Wednesday, January 14, 2009

In Shadows

I think I may have to stop writing for a while. I think I could be upsetting people. I've been downright nasty with some of these posts. I'm showing up the horrible side of my nature and giving people all the reason they need to stop talking to me. Perhaps that's what I think I deserve anyway.

It's been an odd week. Many of my fears about pursuing the things I want have come true. A few posts ago I wrote about how I didn't want to really look for any kind of female companionship until I was really capable. However, an opportunity presented itself and I seized it. Now, given how angst ridden and pained I feel, I wonder whether I shouldn't have just walked away. It's proving to be more difficult than I'd hoped. It's not impossible; it's not even really hard. In fact some wouldn't even see an obstacle at all. I just can't seem to stop myself from wanting to cease my journey down a path that might lead to a little bit of happiness.

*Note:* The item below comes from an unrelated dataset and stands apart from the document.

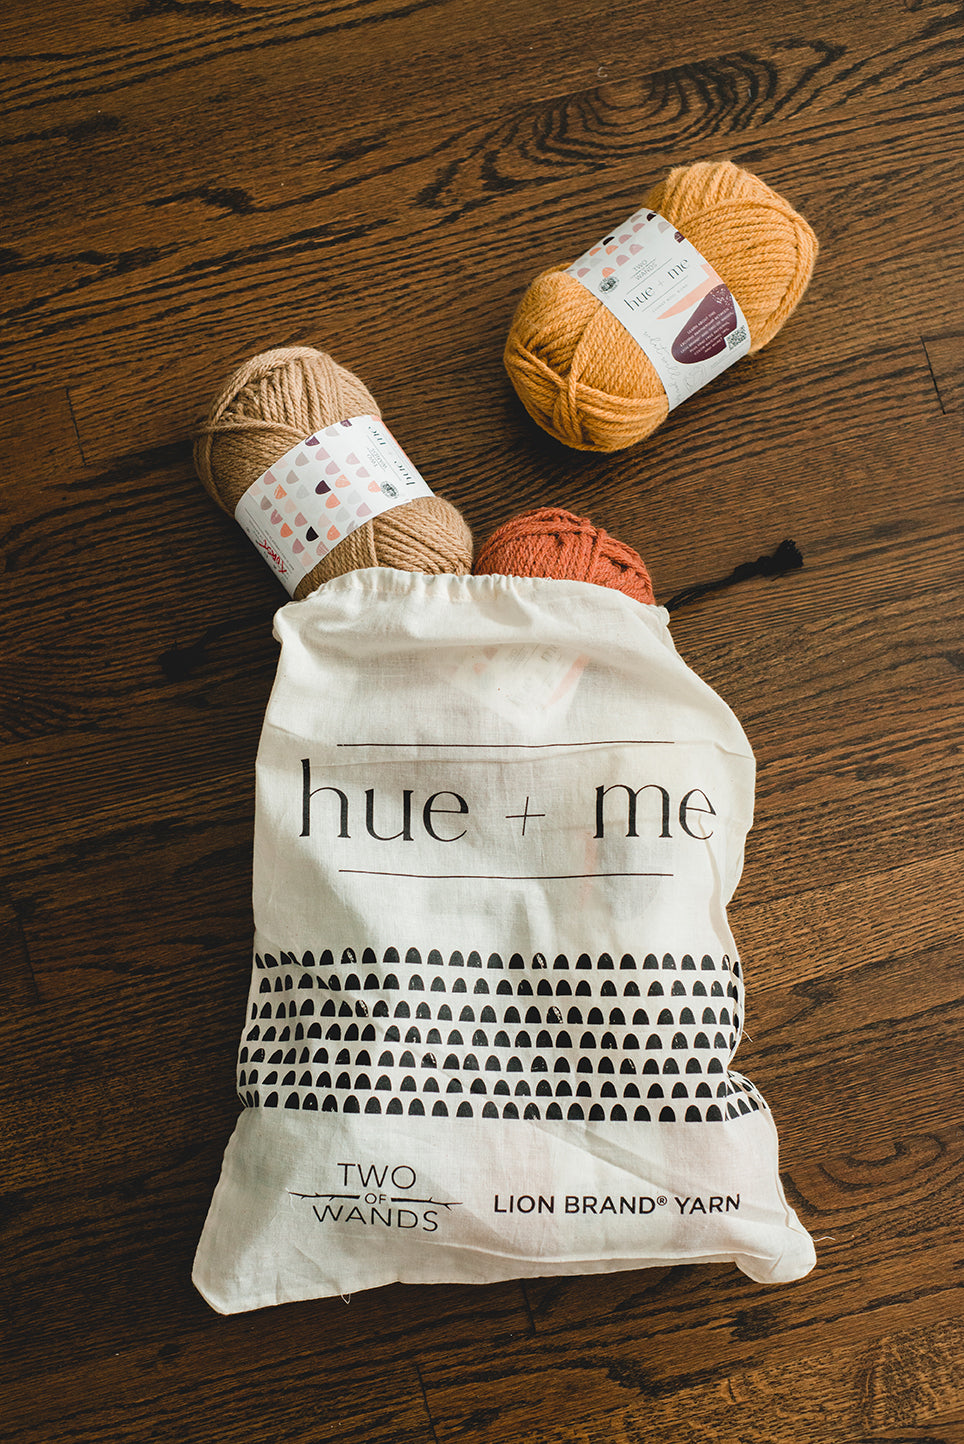 Hue + Me Yarn - Arrowwood  Yarn, Hue, Lion brand yarn

This thing, this depression, rules my life, whispers terrible things in my ear about how worthless I am. It tells me that the worst is inevitable and that the only way to avoid all the pain is to just give up. I don't want to let it win, but my ultimate defeat seems inevitable.

One day, through my vitriol and hateful words, I will push away everybody that matters to me. Then I'll be alone and I can finally have the freedom to surrender.

I don't want any of that of course; not deep down anyway. The part of me that exists without shadow looks only for a bright future. Sadly the clouds are gathering and, at least for now, everything remains in shade.